“I don’t know.” She shrugged, fidgeted. “He’s colder. You’re… quieter. It’s like there’s something I’m not being told. But whatever. It’s probably in my head.” She forced a grin. “Anyway, I’ll only be gone three weeks. You’ll survive without me.”
Three weeks. Three weeks of being trapped here with him. Three weeks of pretending I wasn’t already in too deep.
I reached across and squeezed her hand. “Of course I’ll survive.”
She looks at me a little too long, then lets out a sigh, her shoulders slumping. “I didn’t want to tell you yet, but… I’m not actually going home-home. I’m going to see Daniel, but… I need my own space. And I thought maybe—maybe when I get back, you’ll come back with me, stay in the apartment with me again?”
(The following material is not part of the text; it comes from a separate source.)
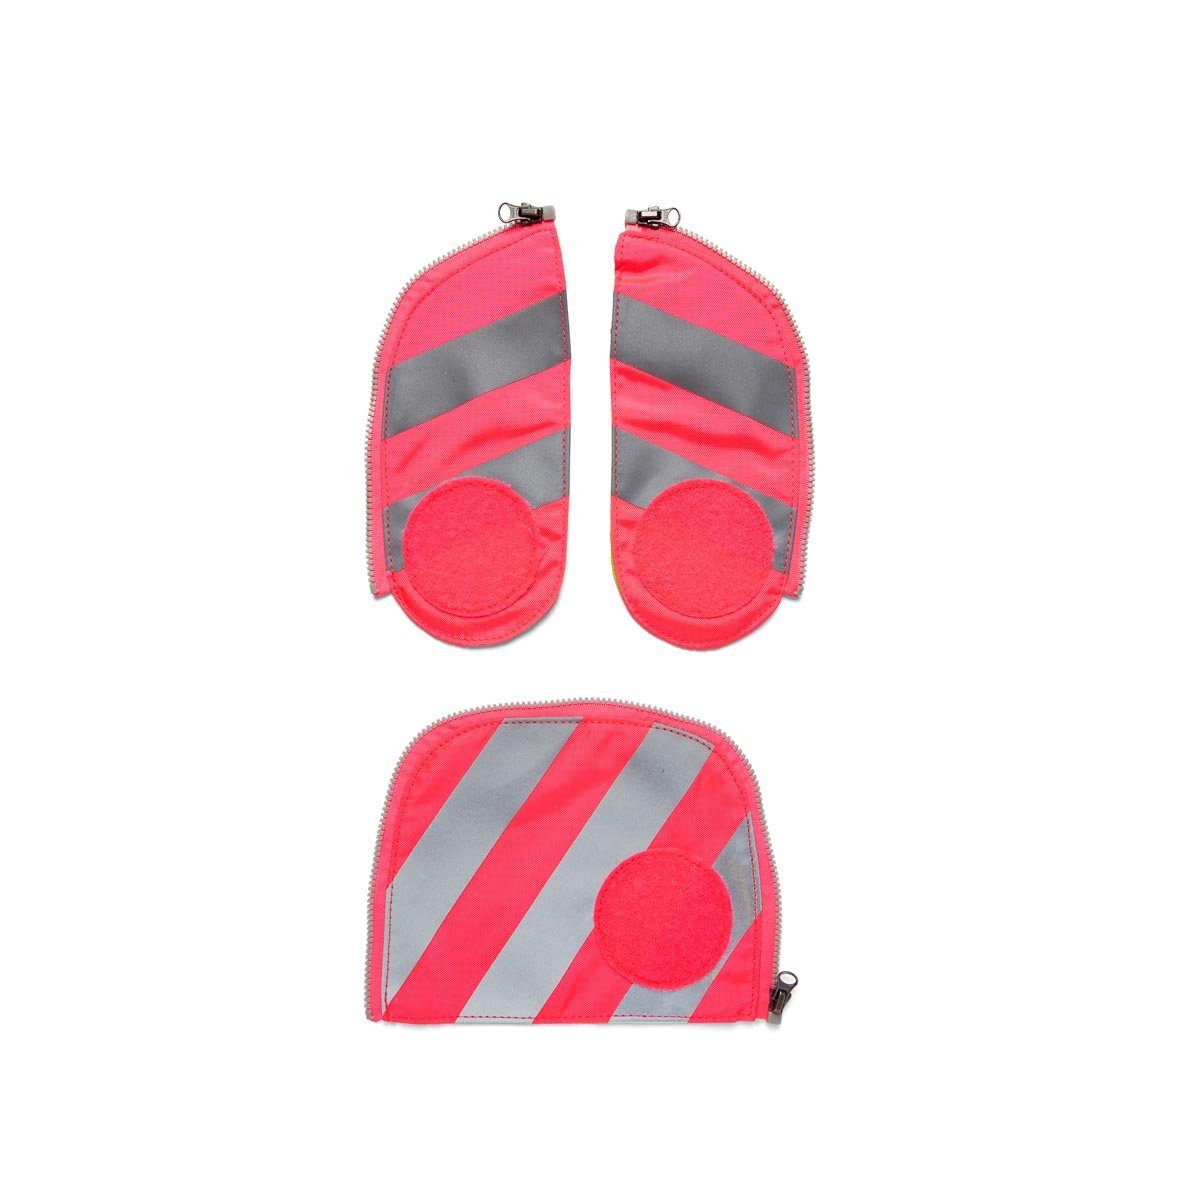 ergobag Schulranzen Fluo Zip-Set Sicherheitsset mit Reflektorstreifen, für alle Schultaschenmodelle ab 2019 001-511 Pink
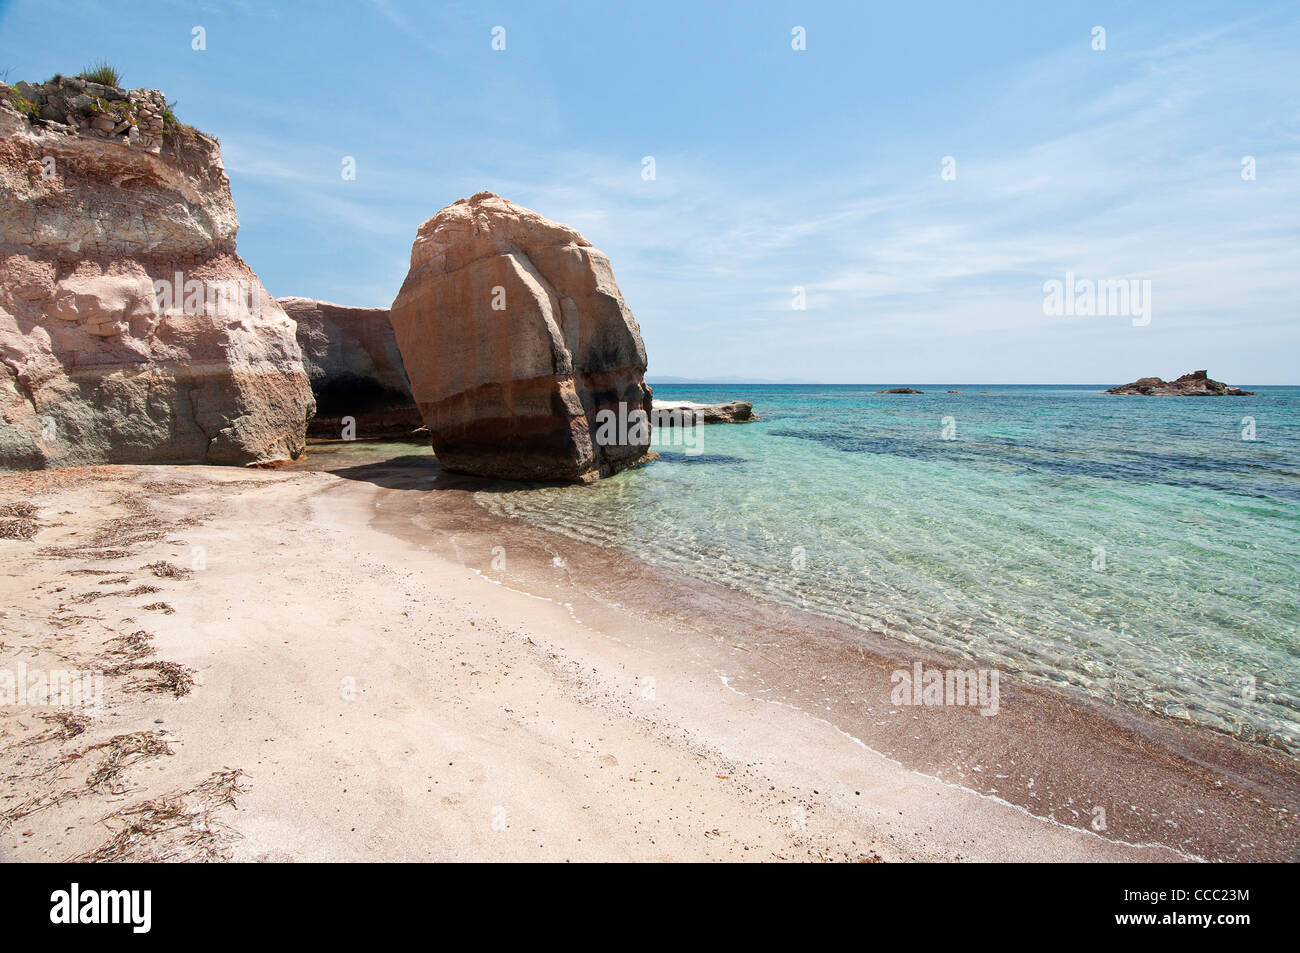 Geniò beach,Carloforte, St Pietro Island, Sulcis Iglesiente, Carbonia Iglesias, Sardinia, Italy, Europe Stock Photo

The air left my lungs. Our apartment. Our space. And she wanted me there, all while I was tangling myself deeper into her father’s web.
I swallowed hard, nodding, forcing my voice not to crack. “Yeah. Of course, Kate.”
But inside, the guilt was suffocating. Even as I promised her, all I could think about was the way his hand had fit around my throat last night, and the way he’d whispered mine.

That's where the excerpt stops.